Distinguished Artist Recipient, 2015 Governor’s Arts Awards
As he approaches his ninth decade, B.B. King continues to reign as the unchallenged “King of the Blues.” Named one of the top ten guitarists of all time by Rolling Stone magazine, King’s legacy and influence far exceeds the blues and qualifies him as one of a handful of the most influential American musicians of the past century. A household name around the world, he is a cultural icon and the epitome of a distinguished artist. Over the past seventy years, he has released over fifty albums and received fifteen Grammy awards; had a museum named in his honor, the B.B. King Museum and Delta Interpretive Center; and become the brand name for music clubs in Memphis, Nashville, and Orlando. King is a living musical giant whose contribution to arts and culture in Tennessee cannot be overstated.

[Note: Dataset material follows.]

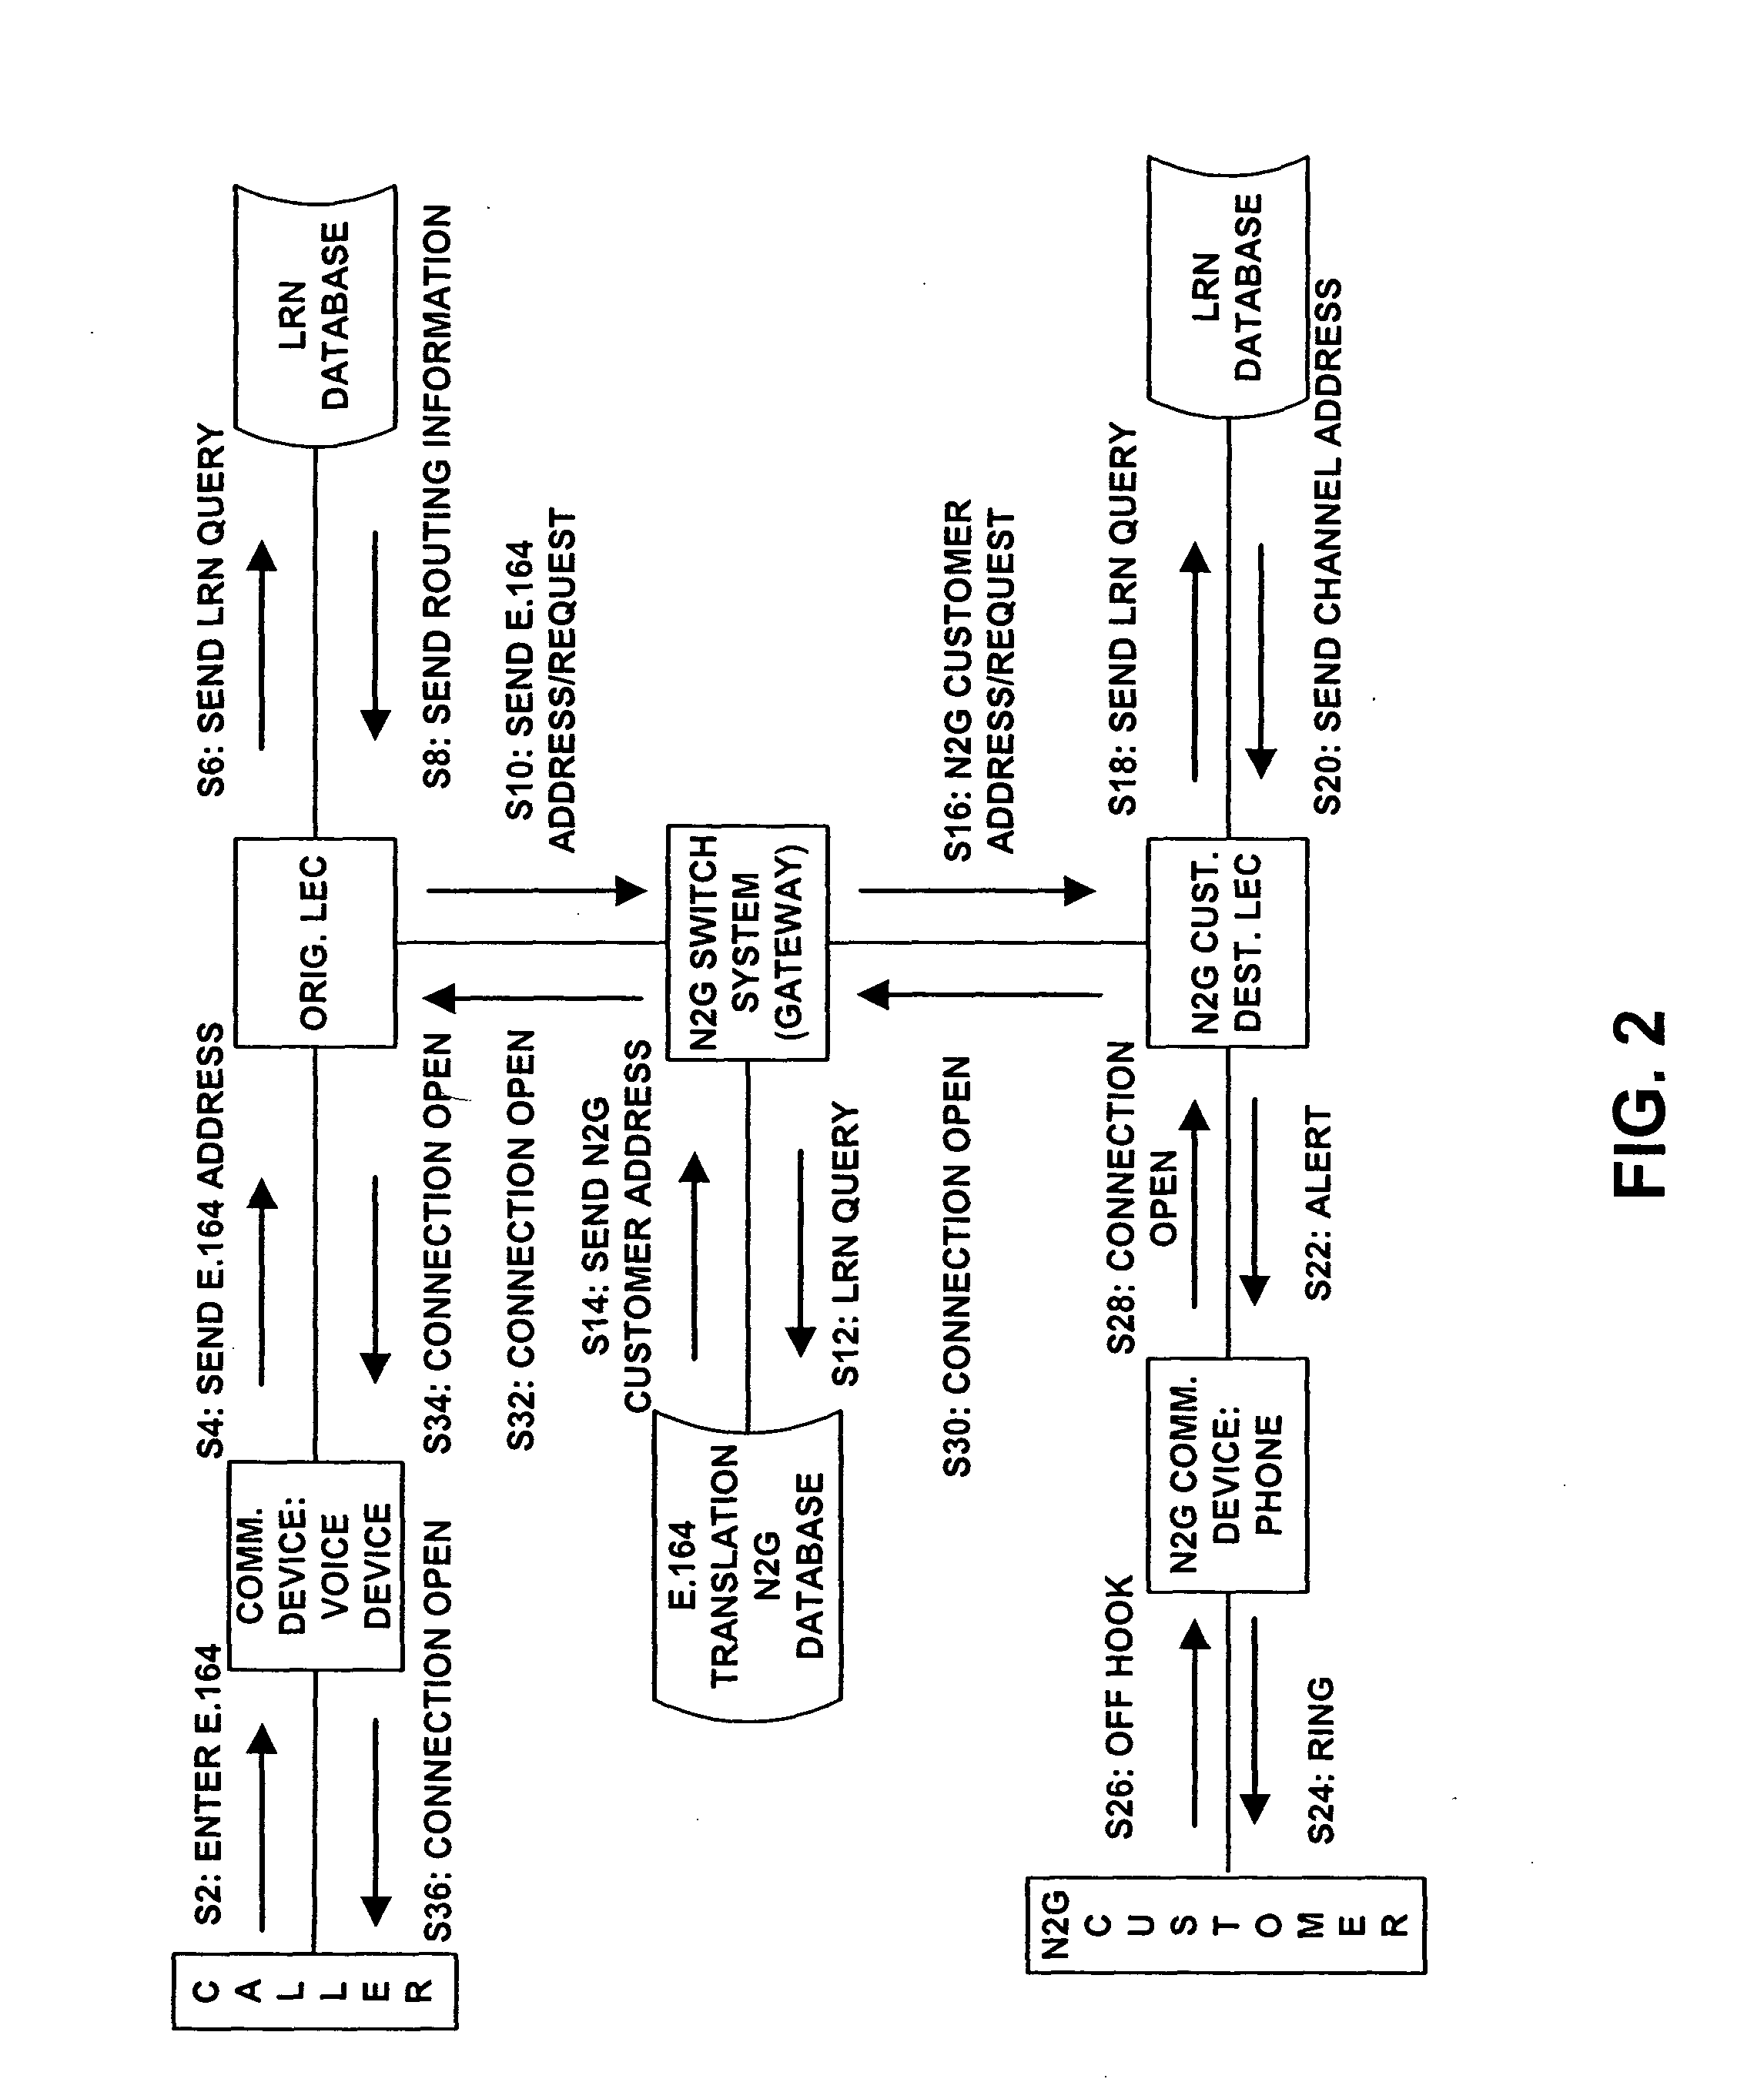 Local number provisioning system and method

Born Riley B. King in 1925 on a rural Mississippi plantation, he has been immersed in Southern music traditions since childhood. After an early start playing on small town street corners, King hitchhiked to Memphis in 1947. Settled there with his cousin Bukka White, he got his first break performing on Sonny Boy Williamson’s KWEM radio program. By 1948 he had earned his own show, “Sepia Swing Club,” on legendary station WDIA, and had become a regular performer at the Sixteenth Avenue Grill.

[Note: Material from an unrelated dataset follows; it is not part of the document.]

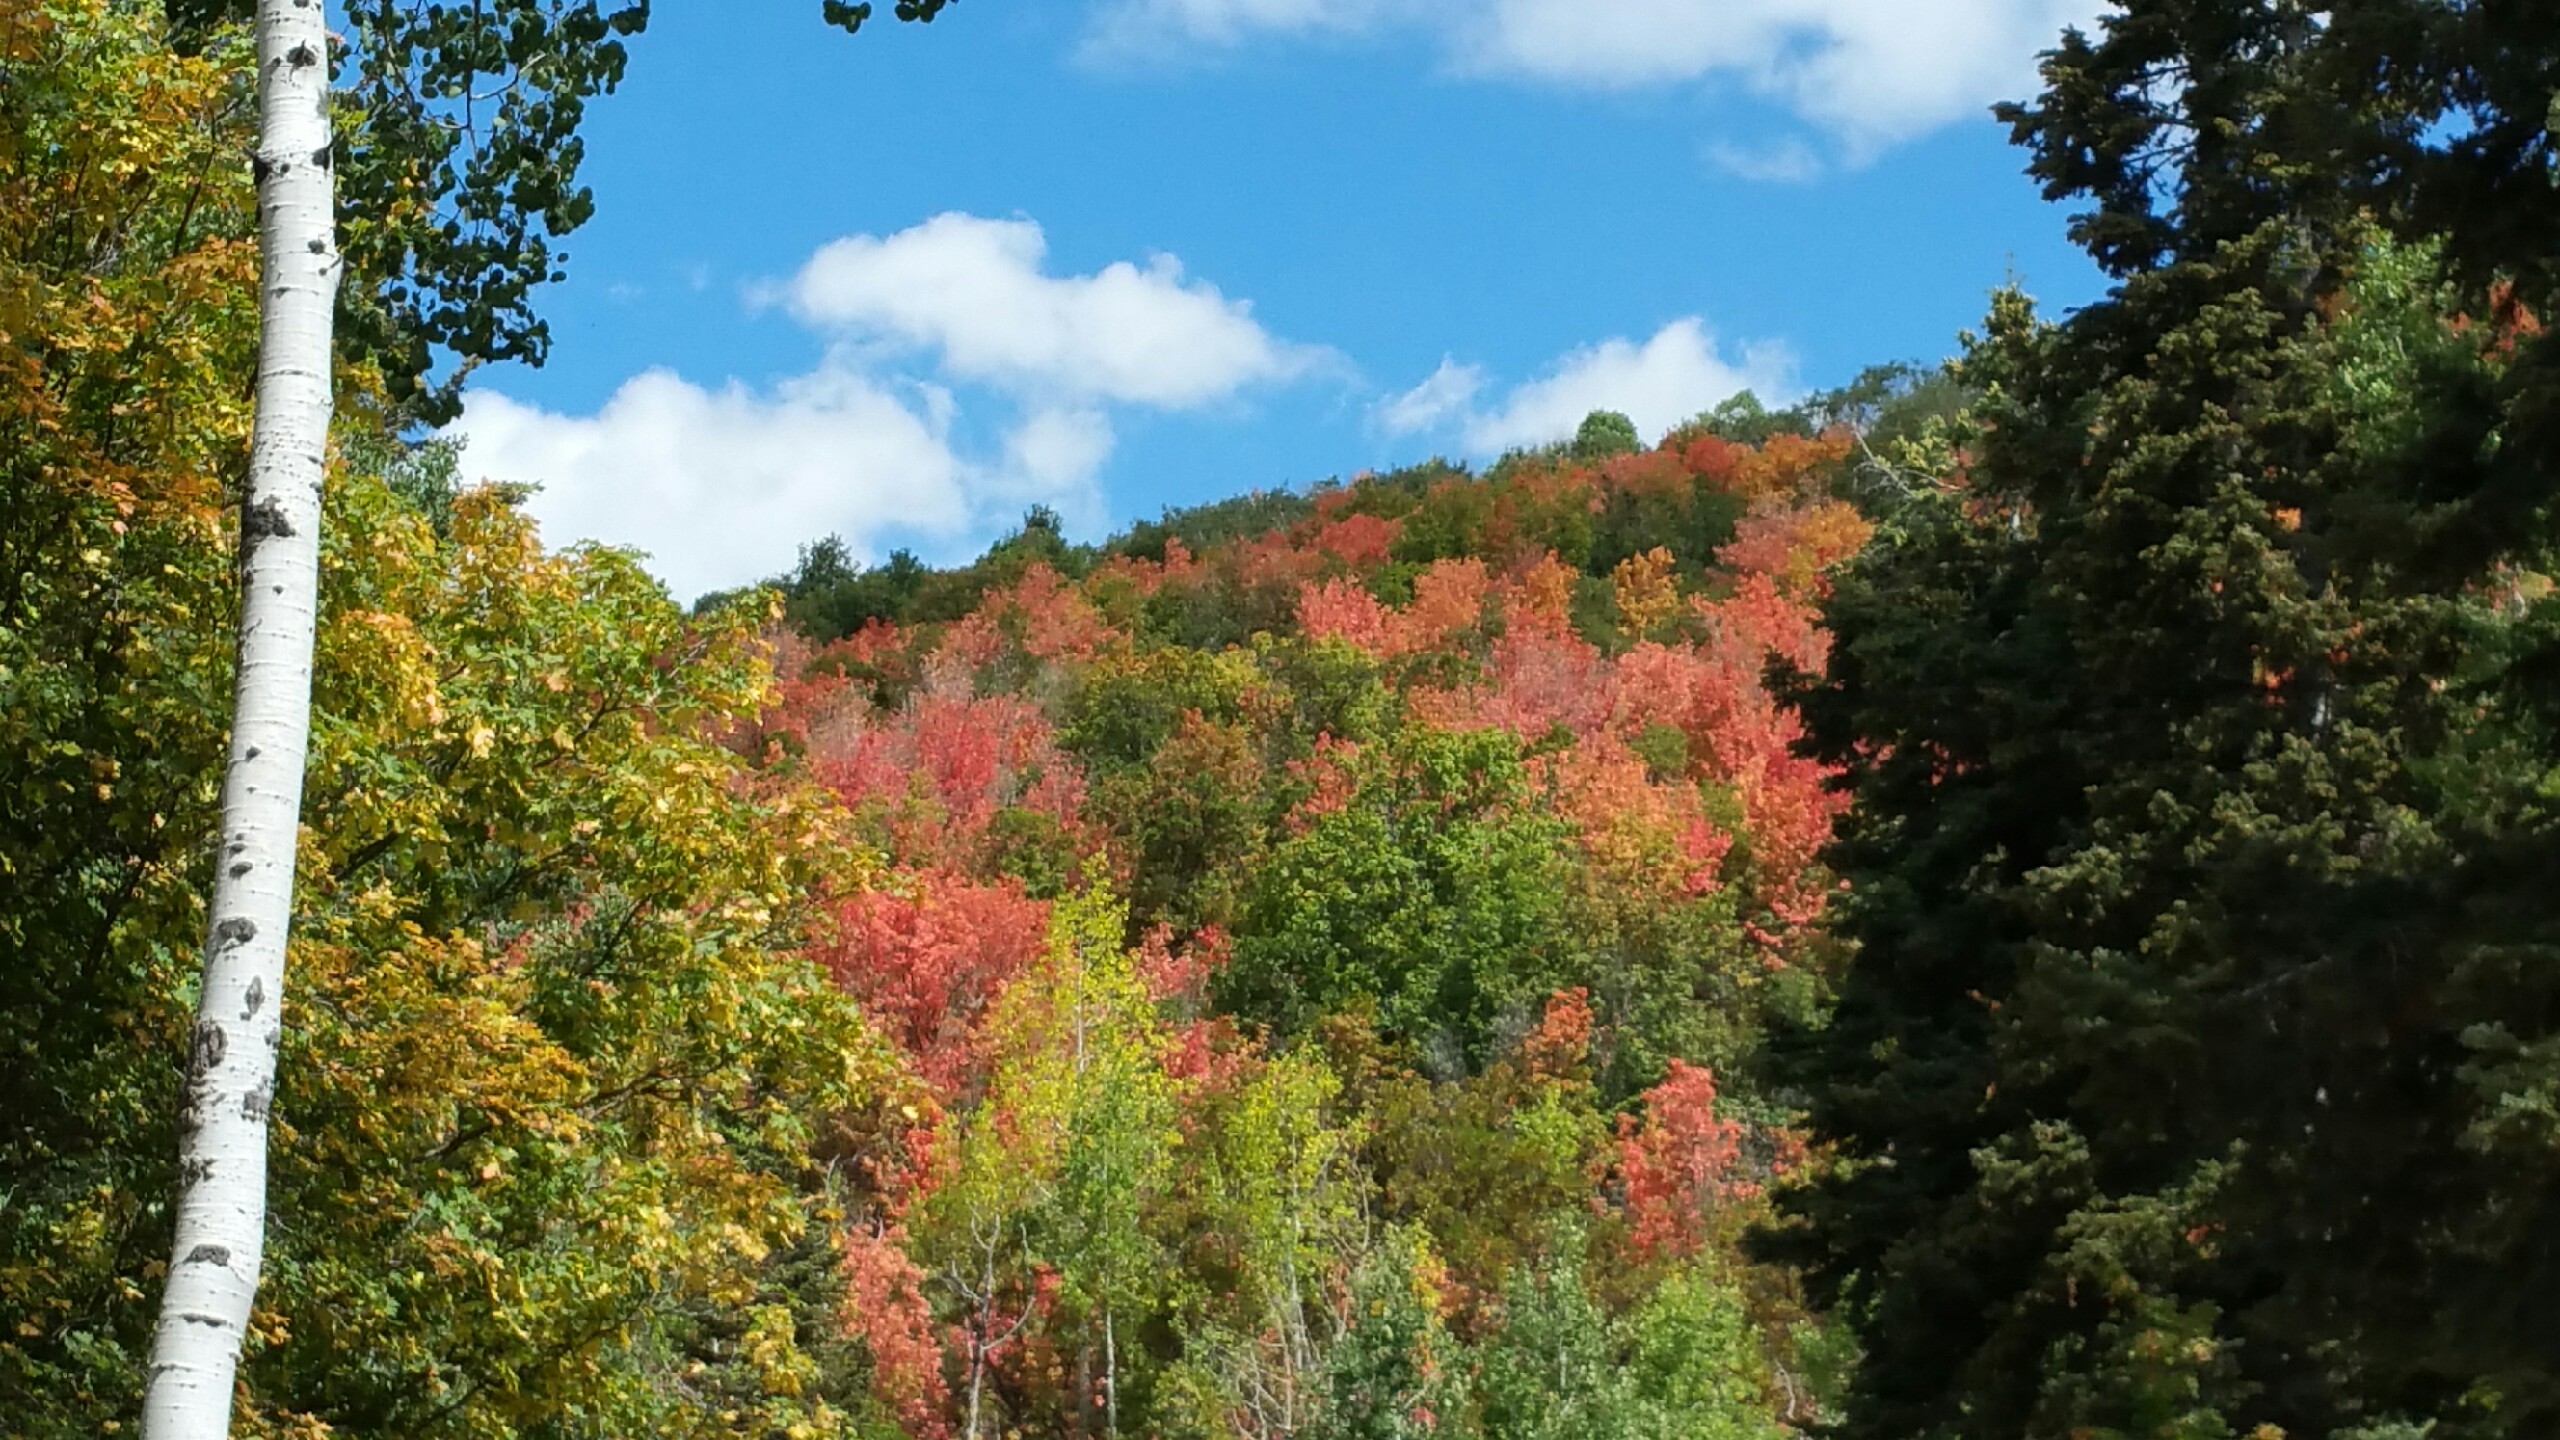 The fall colors have exploded on the mountain!

At one of King’s more memorable shows from the mid-1950s, a wild bar fight broke out between two men over a woman named Lucille. The ruckus eventually caused a fire and the evacuation of the building. King, having at first left his guitar behind, was forced to risk his life to reenter and save his beloved instrument. Since that night he has called each of his guitars Lucille. The name has been a reminder never to do something as foolish again, and today remains an iconic moniker for each of his trademark Gibson guitars.
King scored his first hit, “Three O’ Clock Blues,” in 1952. In the years that followed, he amassed a series of chart-topping songs, including classics such as “Payin’ The Cost to the Boss,” “How Blue Can You Get,” “Everyday I Have the Blues,” “Why I Sing the Blues” and “The Thrill is Gone”—a pop crossover which won a 1970 Grammy Award and entered the Grammy Hall of Fame in 1998. He toured extensively as a young performer, and in 1956 performed an astounding 342 shows. Even in recent decades, he has averaged over 250 concerts per year.
B.B. King elevated the status of blues music and has influenced generations of musicians. His signature single string guitar style—marked with clear, distinct noting in the right hand and emotive vibrato in the left—has been imitated by players such as Eric Clapton, George Harrison, and Jeff Beck. In 2009, Time called him one of the top ten electric guitar players of all time.
He is an inductee in the Blues Foundation Hall of Fame and The Rock and Roll Hall of Fame; a recipient of the Presidential Medal of Freedom, National Academy of Recording Arts and Sciences Lifetime Achievement Grammy Award and the Kennedy Center Honors; and a conferee of several honorary doctorates from distinguished colleges and universities. His name is synonymous with Memphis and Beale Street, and he is a proud ambassador of the blues. Today, B.B. King’s music continues to inspire and entertain around the world.